Funding of implementation
- Funds necessary to carry out the Act are taken from the Compensation and Organizational Adjustment Fund, the Contingent Fund, and other savings under Republic Act No. 6688 (the General Appropriations Act of 1989), or from any unappropriated funds of the National Treasury.
- Funding requirements for implementation in succeeding years must be included in the annual General Appropriations Act.
Abolition and transfer of commissions
- The National Wages Council created under Executive Order No. 614 and the National Productivity Commission created under Executive Order No. 615 are abolished.
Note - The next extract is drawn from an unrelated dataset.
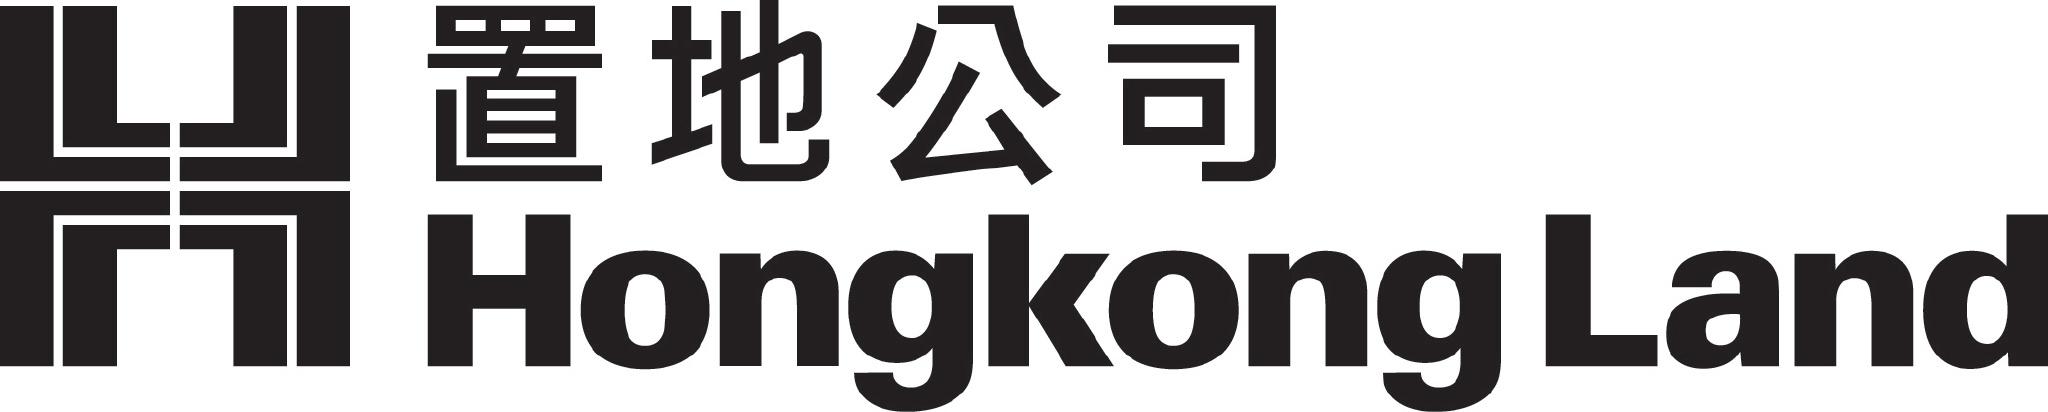 HKLAND.png

- Properties, records, equipment, buildings, facilities, assets, liabilities, appropriations, and matters pending in those offices are transferred to the Commission.
- Personnel of abolished offices continue in holdover capacity and receive preferential consideration for appointments to or placement in the Commission.
- Officials or employees separated due to abolition receive appropriate separation pay and retirement and other benefits accruing under existing laws.
- At the employee’s option, separated personnel are preferentially considered for employment in the government or its subdivisions, instrumentalities, agencies, including government-owned or controlled corporations and their subsidiaries.
Criminal penalties for non-payment
- Any person, corporation, trust, firm, partnership, association, or entity that refuses or fails to pay prescribed wage increases or adjustments under the Act is punished by:
- a fine not exceeding PHP 25,000.00, and/or
- imprisonment of not less than one (1) year nor more than two (2) years.
- A person convicted under the Act is not entitled to the benefits provided for under the Probation Law.
- If the violation is committed by a corporation, trust, or firm, partnership, association, or other entity, imprisonment is imposed on the entity’s responsible officers, including but not limited to: president, vice president, chief executive officer, general manager, managing director, or partner.
Rules and regulations; repealing and separability
- The Secretary of Labor and Employment shall promulgate the necessary rules and regulations to implement the Act.
- All laws, orders, issuances, rules and regulations, or parts inconsistent with the Act are repealed, amended, or modified accordingly.
- If any provision of the Act or its application is held invalid or unconstitutional, the remainder of the Act or its application to other persons or circumstances is not affected.
- Nothing in the Act is construed to reduce existing wage rates, allowances, and benefits of any form under existing laws, decrees, issuances, executive orders, or under any contract or agreement between workers and employers.